Announcement

Collapse
No announcement yet.
X
  • Filter
  • Time
  • Show
Clear All
new posts

  • xtprobit and margins command

    Hi,

    I have an unbalanced panel dataset (N=2976, T=13), using survey responses.
    My dependent variable is the household's ability to save (saving=1 if able to save, 0 otherwise).
    hhid is the Household's unique identifier, and the data is yearly.

    I am computing the AMEs for my model in Stata.
    I am struggling to understand the difference between -margins, dydx(*)- and -margins, dydx(*) predict(pu0)-.
    I see that the latter assumes "Pr(saving=1 | u_i=0)" in Stata but I am unsure of what this implies and which margins method I should be using.
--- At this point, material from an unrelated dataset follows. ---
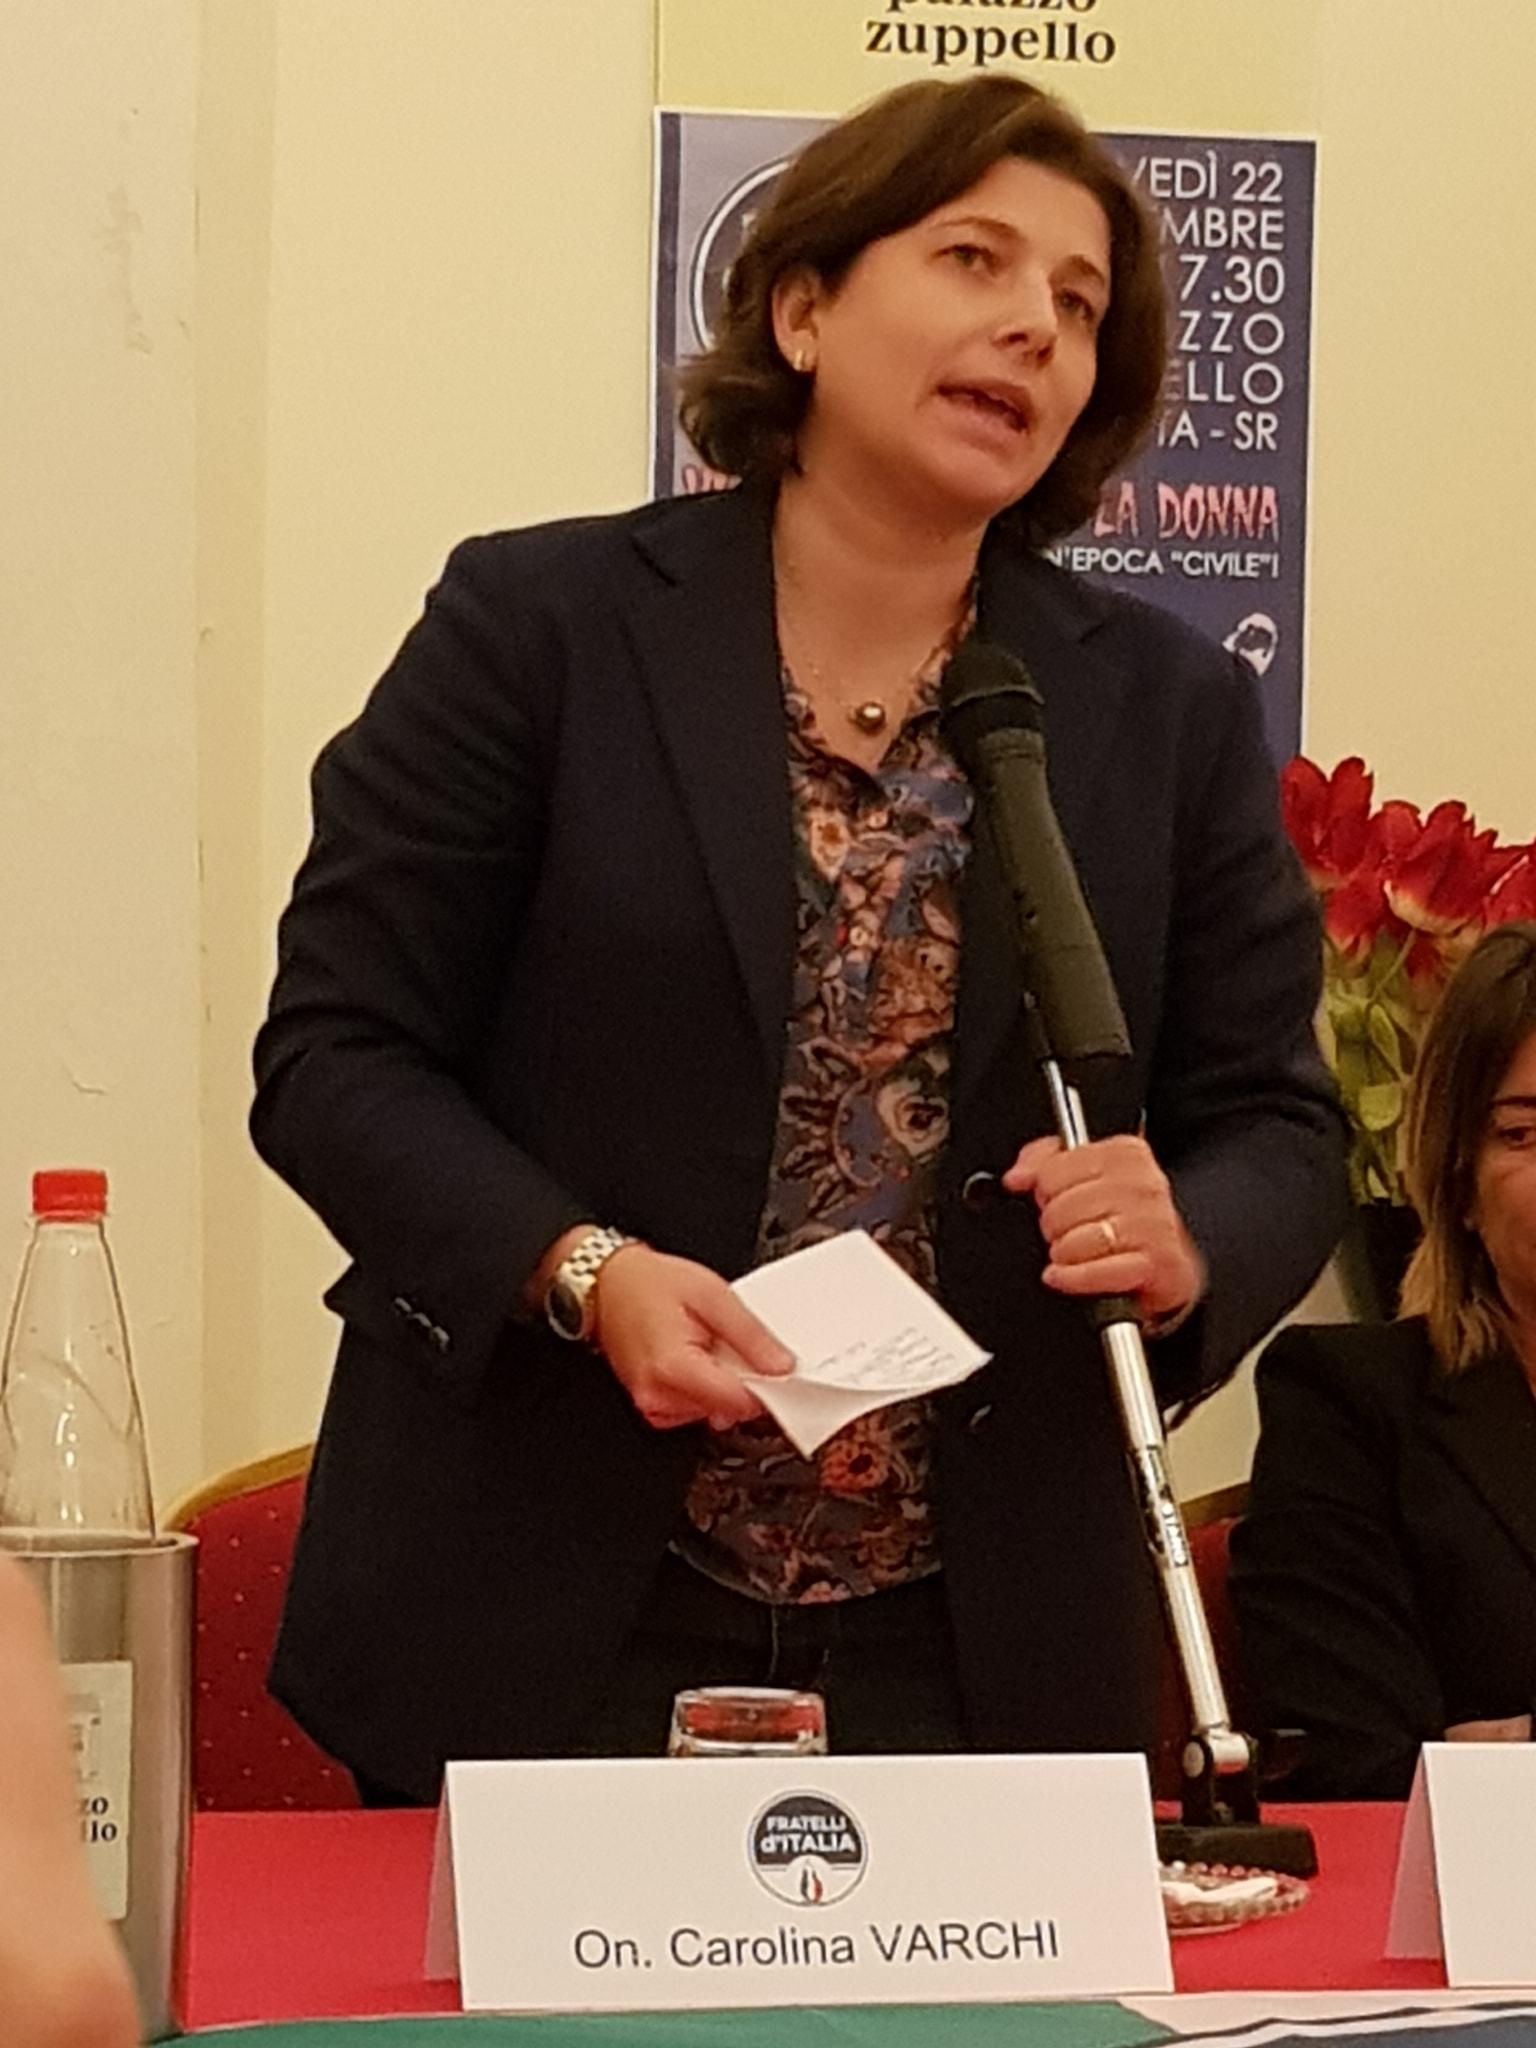 """Carolina Varchi (FDI) : """"il centrodestra può tornare vincente  in Sicilia solo attraverso il rinnovamento  e una nuova selezione della classe dirigente"""""""

    I would greatly appreciate it if someone could help me to understand the difference? Many thanks

    Code:
    . xtprobit saving age, nolog
    
    Random-effects probit regression                Number of obs     =     12,951
    Group variable: hhid                            Number of groups  =      2,930
    
    Random effects u_i ~ Gaussian                   Obs per group:
                                                                  min =          1
                                                                  avg =        4.4
                                                                  max =         13
    
    Integration method: mvaghermite                 Integration pts.  =         12
    
                                                    Wald chi2(1)      =       0.07
    Log likelihood  = -6746.3674                    Prob > chi2       =     0.7969
    
    ------------------------------------------------------------------------------
          saving |      Coef.   Std. Err.      z    P>|z|     [95% Conf. Interval]
    -------------+----------------------------------------------------------------
             age |   .0005127    .001992     0.26   0.797    -.0033914    .0044169
           _cons |  -.5697777    .111846    -5.09   0.000    -.7889918   -.3505635
    -------------+----------------------------------------------------------------
        /lnsig2u |   .7562628   .0613049                      .6361074    .8764183
    -------------+----------------------------------------------------------------
         sigma_u |   1.459555    .044739                       1.37445    1.549929
             rho |   .6805418    .013328                       .653873    .7060795
    ------------------------------------------------------------------------------
    LR test of rho=0: chibar2(01) = 3740.02                Prob >= chibar2 = 0.000
    
    . margins, dydx(age)
    
    Average marginal effects                        Number of obs     =     12,951
    Model VCE    : OIM
    
    Expression   : Pr(saving=1), predict(pr)
    dy/dx w.r.t. : age
    
    ------------------------------------------------------------------------------
                 |            Delta-method
                 |      dy/dx   Std. Err.      z    P>|z|     [95% Conf. Interval]
    -------------+----------------------------------------------------------------
             age |   .0001103   .0004288     0.26   0.797    -.0007302    .0009508
    ------------------------------------------------------------------------------
    
    . margins, dydx(age) predict(pu0)
    
    Average marginal effects                        Number of obs     =     12,951
    Model VCE    : OIM
    
    Expression   : Pr(saving=1 | u_i=0), predict(pu0)
    dy/dx w.r.t. : age
    
    ------------------------------------------------------------------------------
                 |            Delta-method
                 |      dy/dx   Std. Err.      z    P>|z|     [95% Conf. Interval]
    -------------+----------------------------------------------------------------
             age |   .0001767    .000687     0.26   0.797    -.0011697    .0015231
    ------------------------------------------------------------------------------

  • #2
    When you use -margins- after -xtprobit- without specifying a -predict()- option, Stata gives you its default output, which is (the marginal effect of age on) the predicted probability of saving = 1. If you specify -predict(pu0)-, then Stata gives you (the marginal effect of age on) the predicted probability of saving = 1, calculated as if the random effect were always 0.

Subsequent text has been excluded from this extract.